Table 4 shows the optical source types of the first three maximum and minimum of the reconstructed PA signals with the skull. It was found that the optical source types with the maximum PA signals at z = 11 mm were pencil, cone, and 2D Fourier sources and the optical source types with the minimum PA signals were isotropic, line, and slit sources, which are different from the model without the skull. However, the optical source types at z = 12 mm and 13 mm were the same as the model without the skull. Furthermore, the optical source types with the maximum PA signals were hyperboloid Gaussian, pencil array, and isotropic sources while the optical source types with the minimum PA signals were pencil, angular Gaussian, and cone sources. Therefore, the optical source types with the top three maximum PA signals were hyperboloid Gaussian source (twice), pencil array source (twice), and isotropic source (twice). In addition, the optical source types of the top three minimum PA signals at different positions were pencil source (twice), angular Gaussian source (twice), and cone source (twice).
In this research, 16 optical source types were simulated and compared while pencil beam [25], collimated Gaussian [26], and planar source [15] are usually used for simulation work to represent the real conditions. Although not all optical source types are often used in realistic conditions, the optical source can be designed and improved based on the specific requirements of the PAI system in realistic situations. For example, a pencil beam can be used for deep imaging with good focus while hyperboloid Gaussian can provide larger diffusion.
For brain imaging in the usage scenario of PAI, the skull would not only cause signal aberration and attenuation, but also cause signal reverberation, which would degrade the image quality. Meanwhile, the optical and acoustic simulation in this research used identical grid sizes (0.1 mm) which could oversimplify or misrepresent the physical phenomena.

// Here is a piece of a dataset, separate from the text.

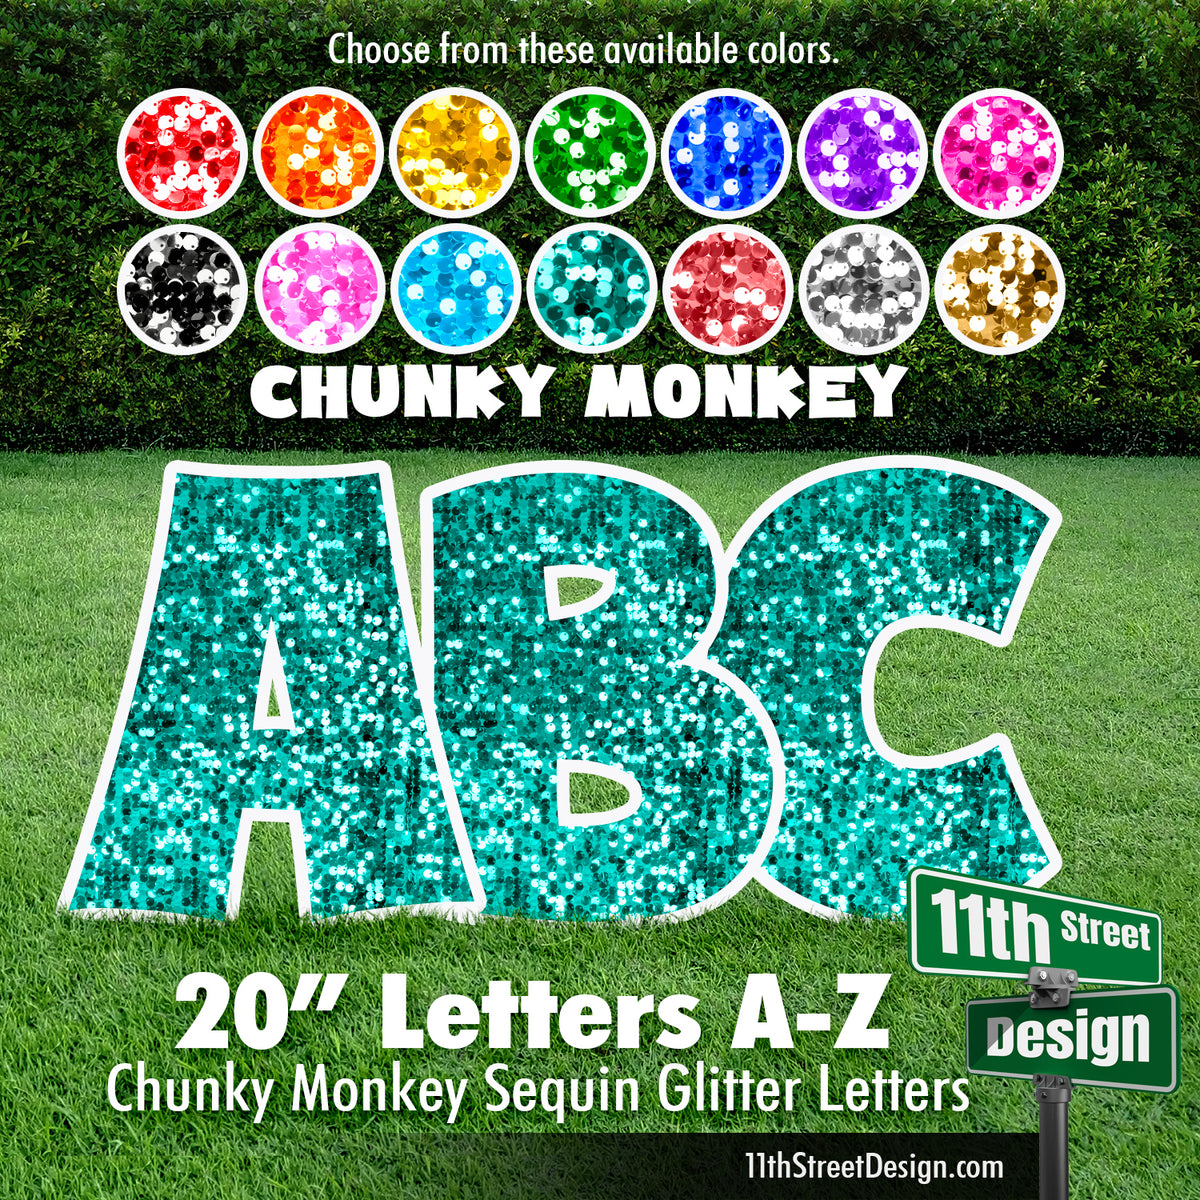 Sequin Glitter 20&quot; Chunky Monkey 26 Letter Alphabet Yard Card Set Includes Letters A-Z

Optical simulations typically conduct the scattering model with sub-millimeter precision (0.1 mm or less), while acoustic simulations set grid sizes based on the requirement of the spatial resolutions related to the wavelength when dealing with wave propagation. Therefore, the more complex brain model can be researched in further work and the grid size can be analyzed to enhance the precision of the results.
Moreover, the linear ultrasound array combined with the DAS algorithm was used in the simulation of a 14 × 14 × 14 mm3 volume model. The limited-view linear arrays will cause the artifacts of the reconstructed images. Considering the whole brain model, the other arrays like circular or spherical arrays can be considered for PA signal acquisition to remove the artifacts caused by the ultrasound arrays.

4. Conclusions

The skull is a great challenge for PAI for human beings, with the high optical scattering and acoustic attenuation. To explore and improve photoacoustic generation and propagation, we conducted the photoacoustic simulation and image reconstruction of the multi-layer brain model with an embedded blood vessel under different optical source types. Based on the optical simulation results under different types of optical sources, this paper explored the characteristics of reconstructed images obtained from acoustic simulations with and without skull conditions. Specifically, we focused on the detection of blood vessels and evaluated the image reconstruction features, morphological characteristics, and intensity variations in the target vessels using optical and acoustic simulations. The results showed that under the initial PA signals, the types of optical source types corresponding to the strongest and weakest photoacoustic signals at different positions within the target region were consistent, while the optical source types were different in the reconstructed images. This study revealed the characteristics of acoustic signal transmission with and without skull conditions and its impact on image reconstruction. It further provides a theoretical basis for the selection of optical sources.

Author Contributions

Conceptualization, X.Y. and C.C.; methodology, X.Y. and C.C.; software, X.Y. and C.C.; validation, Y.-H.C.; formal analysis, X.Y., C.C., Y.-H.C. and M.S.; writing—original draft, X.Y.; writing—review and editing, X.Y., C.C., Y.-H.C. and M.S.; visualization, X.Y., C.C., Y.-H.C. and M.S.; supervision, Y.-H.C. and M.S.; project administration, Y.-H.C. and M.S.; funding acquisition, M.S. All authors have read and agreed to the published version of the manuscript.

Funding

The authors acknowledge support from Westlake University start up support, and from the Leading Innovative and Entrepreneur Team Introduction Program of Zhejiang (Grant number 2020R01005).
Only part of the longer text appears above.